EXERCISE BRIEF — A faithful copy of all the data is required; pictures should not be included.

PROVIDED MATERIAL —
/---

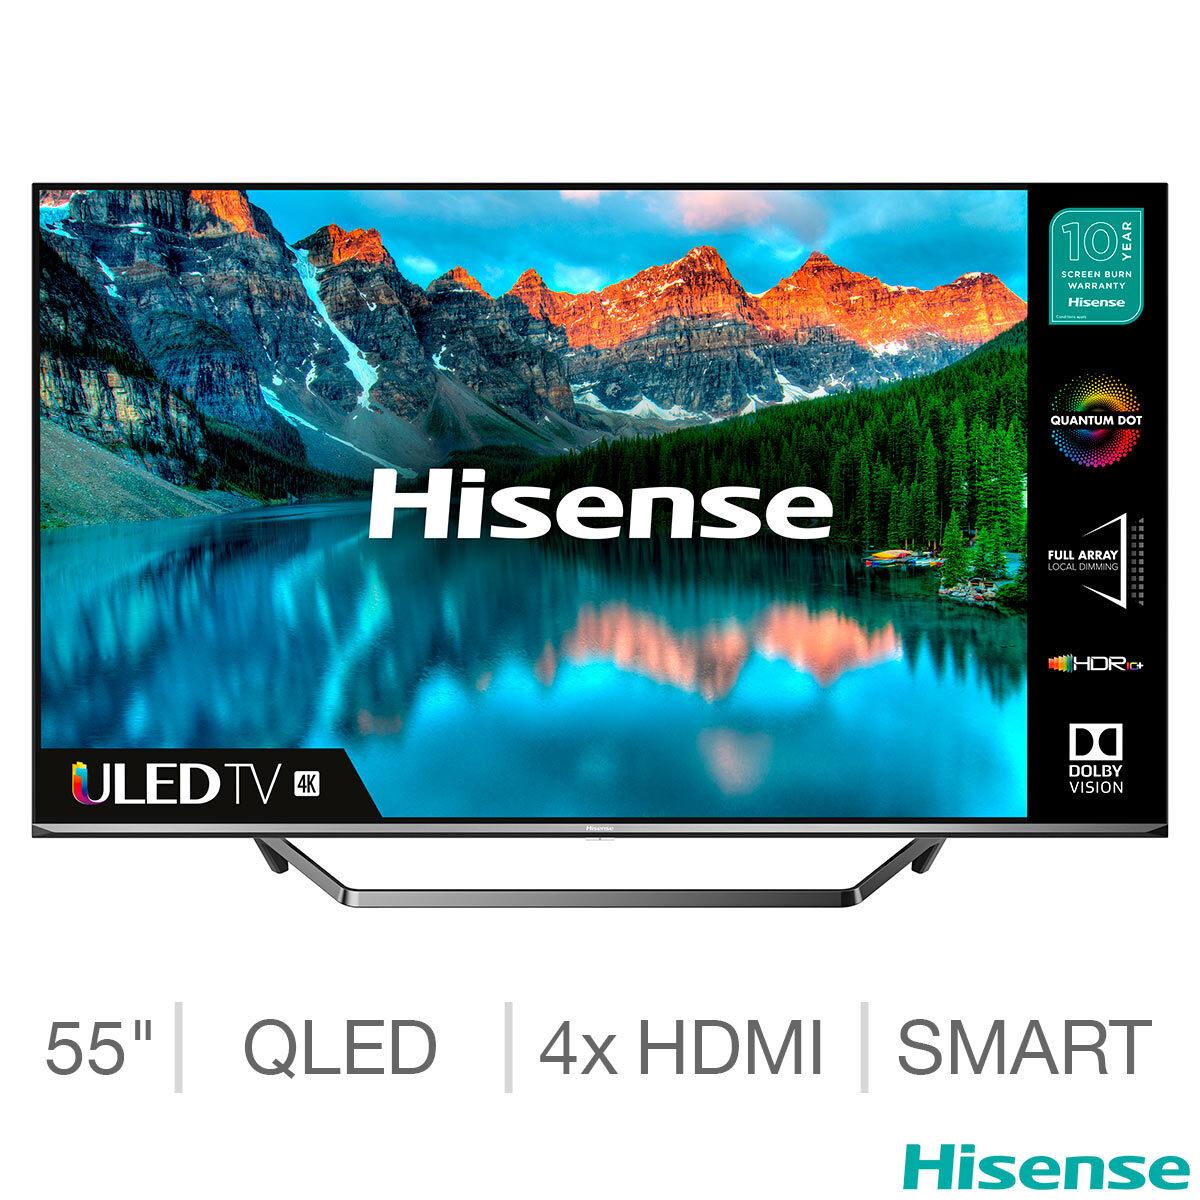 Hisense 50U7QFTUK 50 Inch QLED 4K Ultra HD Smart TV with Alexa - £395.98 (instore) Membership Required @ Costco
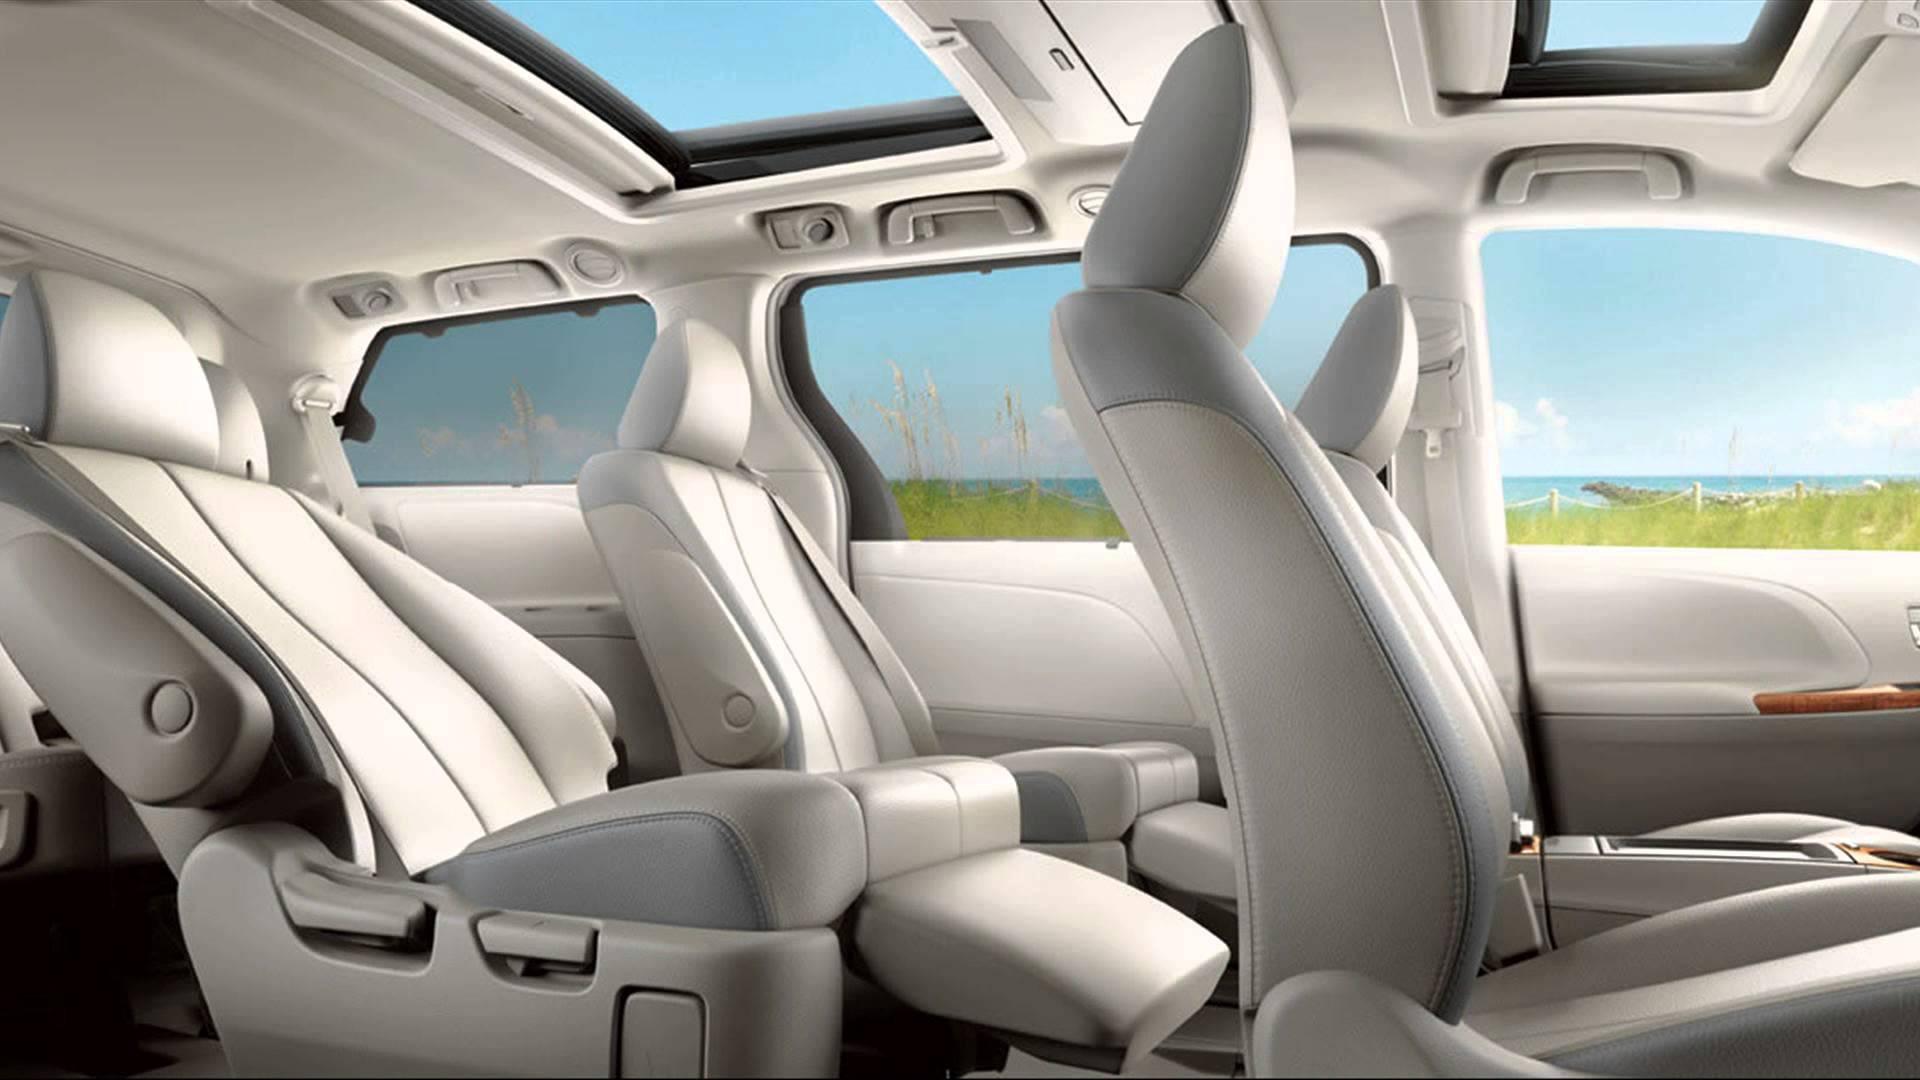 minivan-rental-interior-two
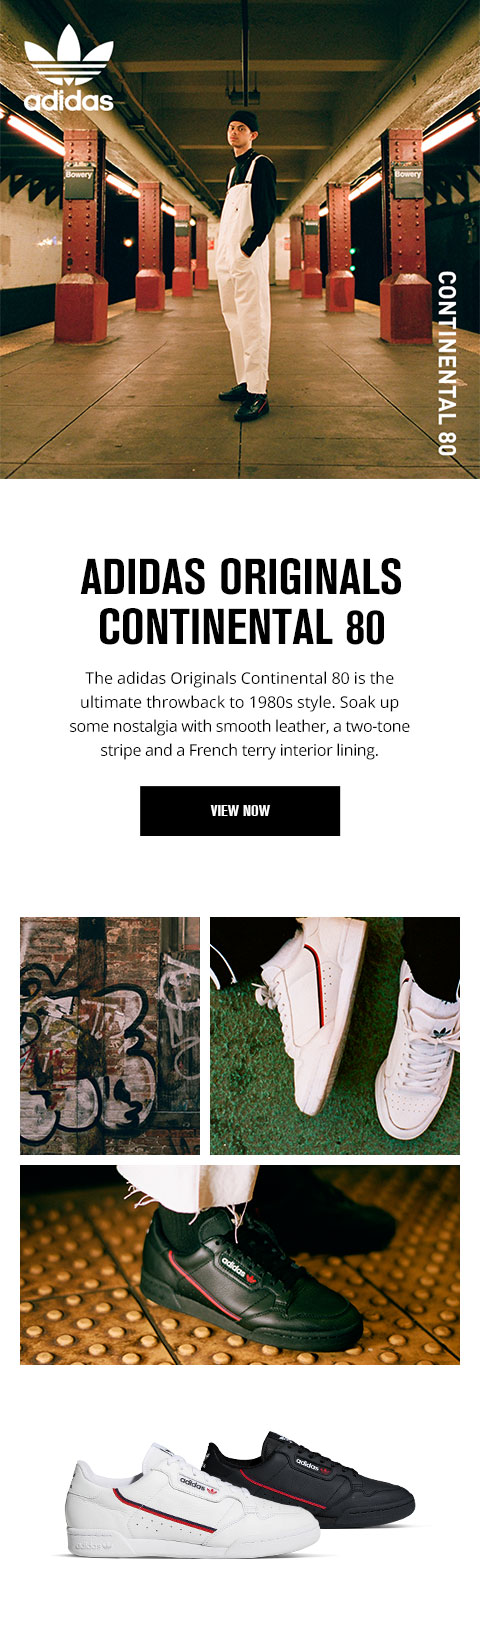 foot locker: avvio domani adidas originali continental 80

\---

ANSWER BOX —
 Hisense 50U7QFTUK 50 Inch QLED 4K Ultra HD Smart TV with Alexa - £395.98 (instore) Membership Required @ Costco
 minivan-rental-interior-two
 foot locker: avvio domani adidas originali continental 80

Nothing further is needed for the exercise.